Slide 1: Understanding Class Imbalance
Class imbalance occurs when the distribution of classes in a dataset is significantly skewed. This fundamental challenge in machine learning can severely impact model performance, particularly in critical applications like fraud detection or medical diagnosis where minority classes are often the most important.
import numpy as np
import pandas as pd
from sklearn.datasets import make_classification
# Generate imbalanced dataset
X, y = make_classification(n_samples=1000, n_classes=2, weights=[0.9, 0.1],
n_features=3, random_state=42)
# Display class distribution
unique, counts = np.unique(y, return_counts=True)
print("Class distribution:", dict(zip(unique, counts)))
print("Imbalance ratio:", max(counts) / min(counts))
# Output:
# Class distribution: {0: 900, 1: 100}
# Imbalance ratio: 9.0
Slide 2: Random Oversampling Implementation
Random oversampling duplicates existing minority class samples to achieve balance.

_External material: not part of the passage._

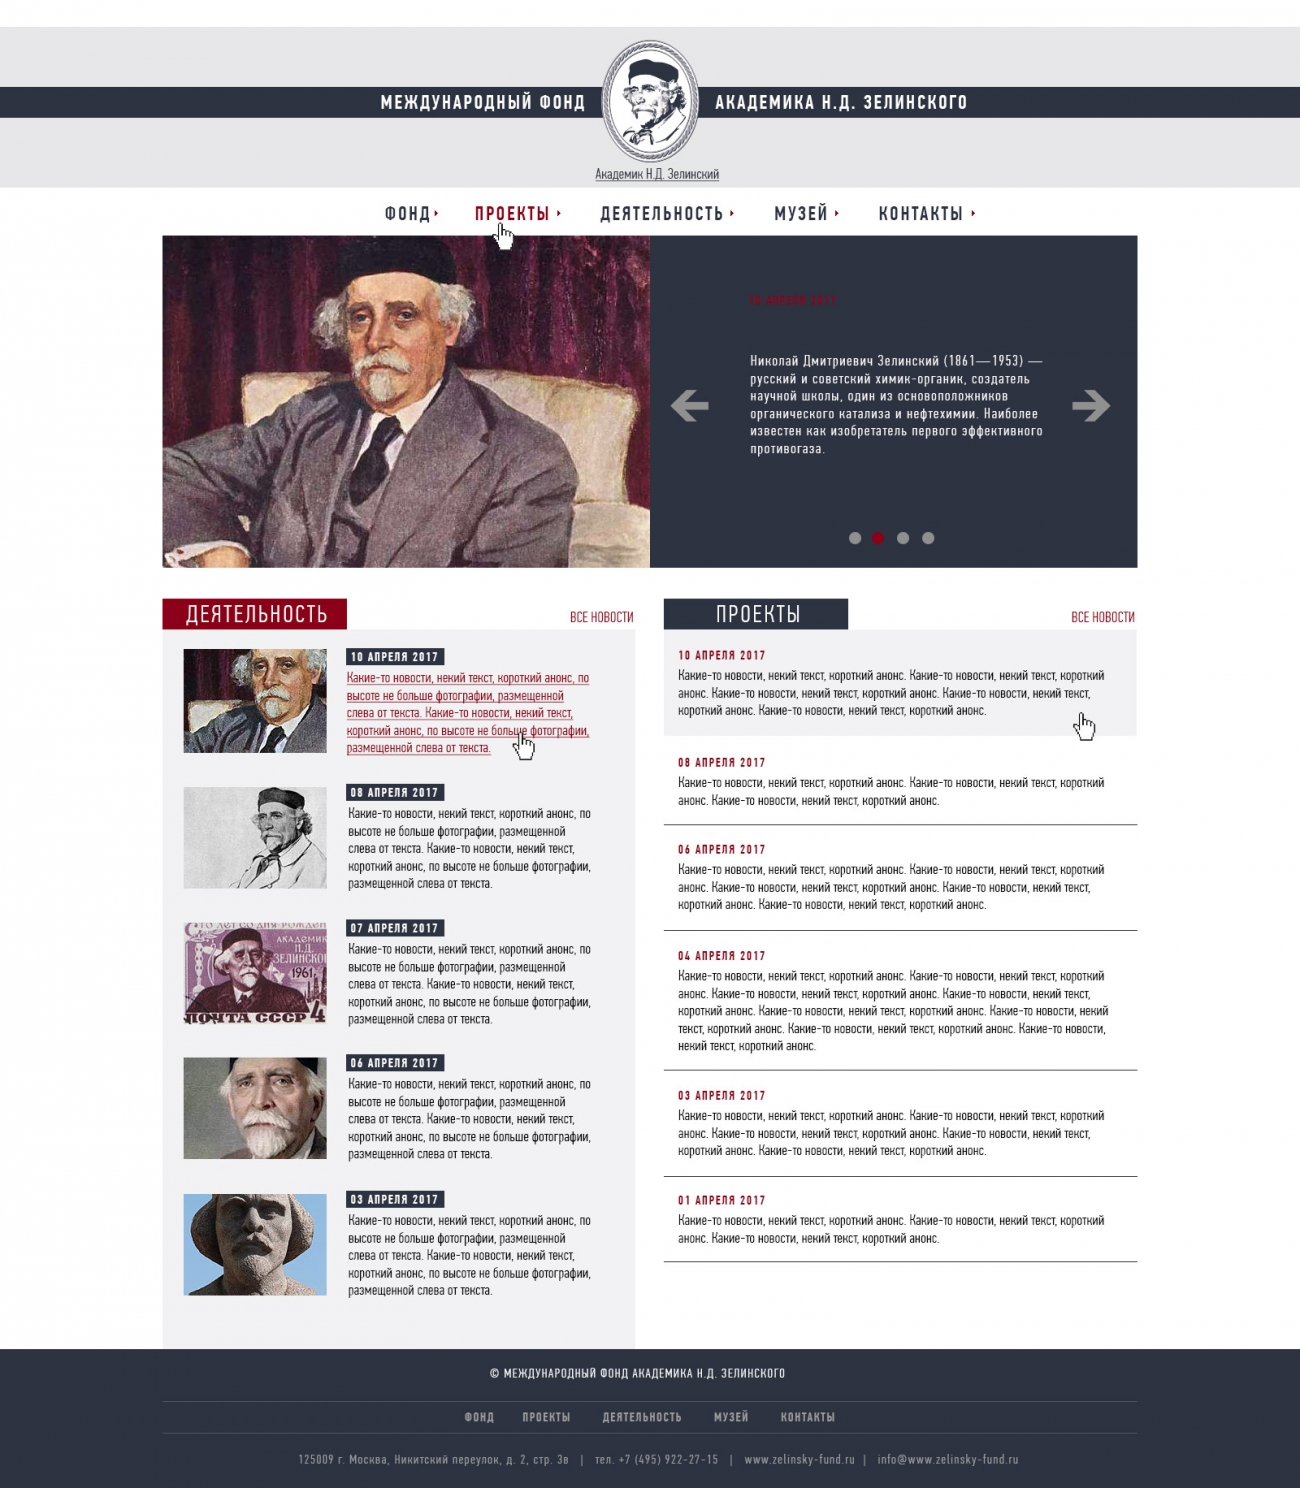 Макет номер 2 главной страницы сайта фонда академика Зелинского

While simple, this technique requires careful implementation to avoid overfitting and ensure proper cross-validation splitting to prevent data leakage.
from sklearn.model_selection import train_test_split
from imblearn.over_sampling import RandomOverSampler
# Split data
X_train, X_test, y_train, y_test = train_test_split(X, y, test_size=0.2, random_state=42)
# Apply random oversampling
ros = RandomOverSampler(random_state=42)
X_train_ros, y_train_ros = ros.fit_resample(X_train, y_train)
print("Original training set shape:", np.bincount(y_train))
print("Resampled training set shape:", np.bincount(y_train_ros))
# Output:
# Original training set shape: [720 80]
# Resampled training set shape: [720 720]
Slide 3: SMOTE (Synthetic Minority Over-sampling Technique)
SMOTE creates synthetic samples for the minority class by interpolating between existing instances. This advanced oversampling technique generates new samples along the line segments joining nearest neighbors of minority class instances.
from imblearn.over_sampling import SMOTE
import matplotlib.pyplot as plt
# Apply SMOTE
smote = SMOTE(random_state=42)
X_train_smote, y_train_smote = smote.fit_resample(X_train, y_train)
# Visualize first two features before and after SMOTE
fig, (ax1, ax2) = plt.subplots(1, 2, figsize=(12, 4))
ax1.scatter(X_train[y_train==0, 0], X_train[y_train==0, 1], label='Majority')
ax1.scatter(X_train[y_train==1, 0], X_train[y_train==1, 1], label='Minority')
ax1.set_title('Original Data')
ax2.scatter(X_train_smote[y_train_smote==0, 0],
X_train_smote[y_train_smote==0, 1], label='Majority')
ax2.scatter(X_train_smote[y_train_smote==1, 0],
X_train_smote[y_train_smote==1, 1], label='Minority')
ax2.set_title('SMOTE Applied')
plt.tight_layout()
Slide 4: Random Undersampling Strategy
Random undersampling reduces majority class samples to match minority class frequency. This technique helps balance datasets by randomly removing majority class instances, though it risks losing potentially important information from the discarded samples.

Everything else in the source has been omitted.